Richard’s fear had little in common with the eye-popping, teeth-chattering, ‘feets-don’t-fail-me-now’ cowardice of earlier black and blackface comedians. It was immense but not cartoonish, and hinted at something tragic and new from a black male actor in the age of Black Power: a near-total vulnerability. Richard was physically lean but never seemed to flex his muscles with total confidence, and was convincingly fragile on-screen. After his various crackups and breakdowns of the past few years, he had the capacity to bring a trembling energy to his roles as an actor—if only a director knew how to use it.
On July 16, 1969, Shelley gave birth to a daughter, and the parents named her Rain, after the weather of that summer day. For the first time in his life, Richard made it to the hospital, flowers in hand, for the birth of one of his children. But his dedication as a father was short-lived. Five days later,
Shelley waited in vain to be picked up from the hospital. After a cab dropped her off at their home, she walked in to discover Richard in bed with their housekeeper. She locked herself in the bathroom and sobbed; Richard remained outside, unapologetic.
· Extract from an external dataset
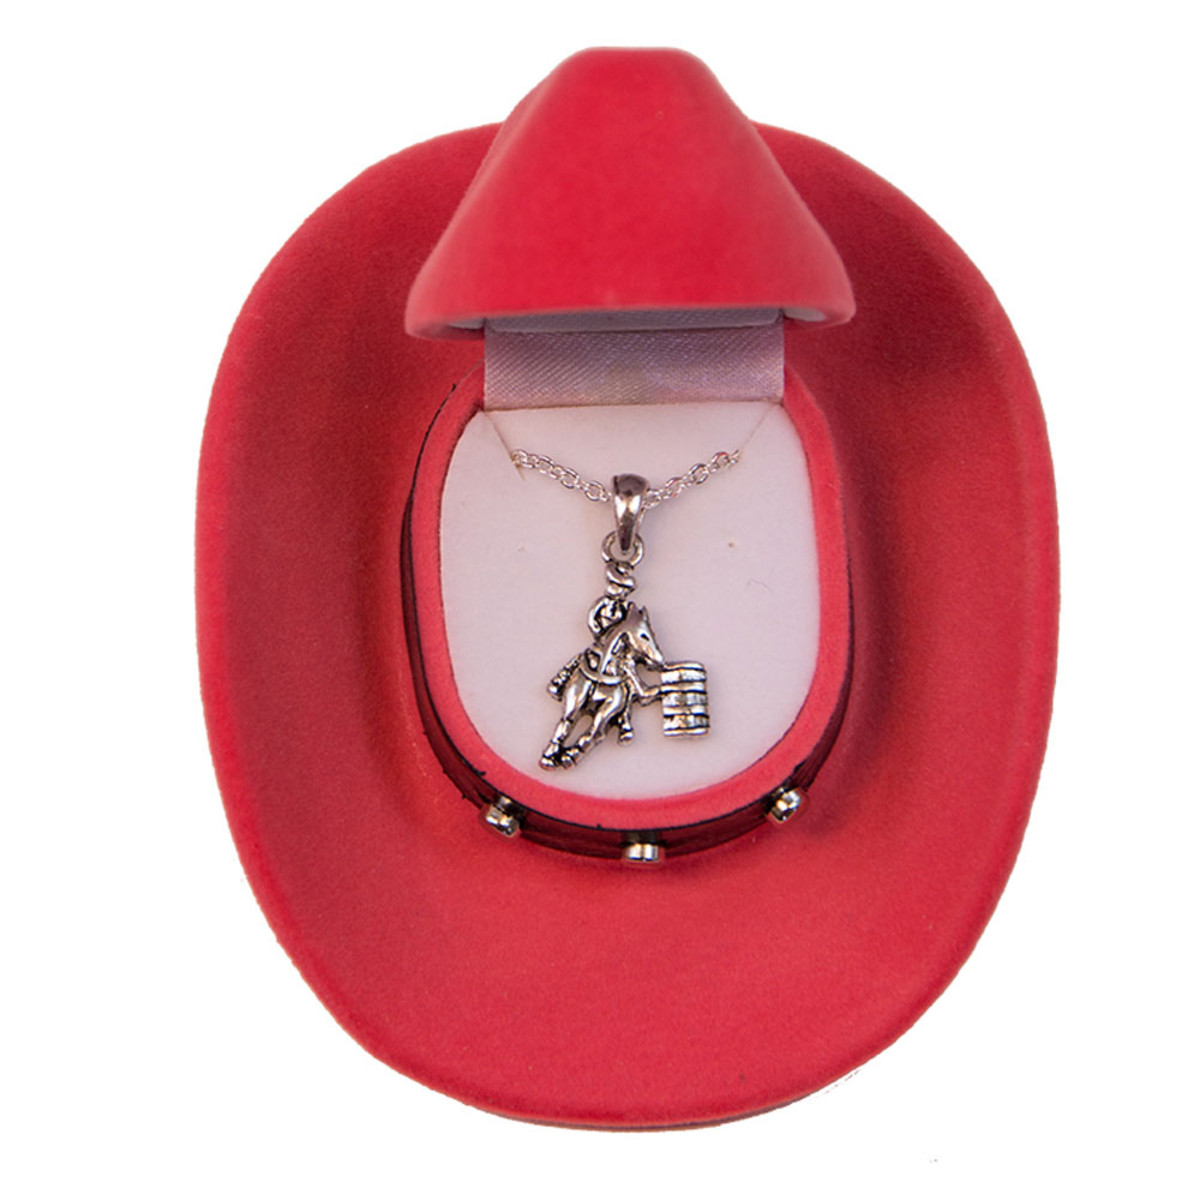 Barrel Racer with Barrel Necklace Silver Barrel Racing Horse Pendant in Cowboy Hat Red Cowgirl Hat

Later, he would bring other women to their home, flaunting his infidelity to the point of inviting Shelley into a threesome. His attention remained fixed on his needs rather than on his baby and her around-the-clock demands.
Meanwhile, Richard and Shelley had a visitor who lived, during daylight hours, in the den of their two-story Hancock Park home. For twelve hours a day, five days a week, Penelope Spheeris sat parked in front of a Moviola editing machine, trying to give shape to the shapeless Uncle Tom’s Fairy Tales. According to Spheeris, the atmosphere in the house was claustrophobic, crackling with tension. Richard had a collection of samurai swords above the fireplace, and he passed the hours standing above Penelope at the Moviola, tossing out ideas in his bathrobe, his Courvoisier and cocaine near at hand.
At times the line between art and life would collapse, the plot dynamics of the film bleeding into the dynamics of Richard and Shelley’s marriage. Working at the Moviola, Penelope might be wrestling with a snippet of dialogue like “Get out of here, you pig-faced motherfucker!” while in the kitchen Shelley labored to cook soul food for Richard and his circle of black friends. “Come on, get our food together! Can you make some chitlins, Miss Shelley?” they razzed her as they trooped en masse through the kitchen, playing the race card with the same abandon as the film’s characters. Paul Mooney liked to call Shelley “the White Lady” to her face, and when he did, Shelley grimaced and Richard cackled. She had reason to feel, like the white protagonist in the film, that she was being put on trial for all the racial crimes in American history.
By December 1969, Penelope had about forty minutes of film that was, at best, experimental, and Richard and Shelley had a marriage that had gone sour. One day, when Shelley came downstairs and saw a too-familiar tableau—Penelope in front of the Moviola, Richard sitting nearby with his Courvoisier and coke—something in her broke.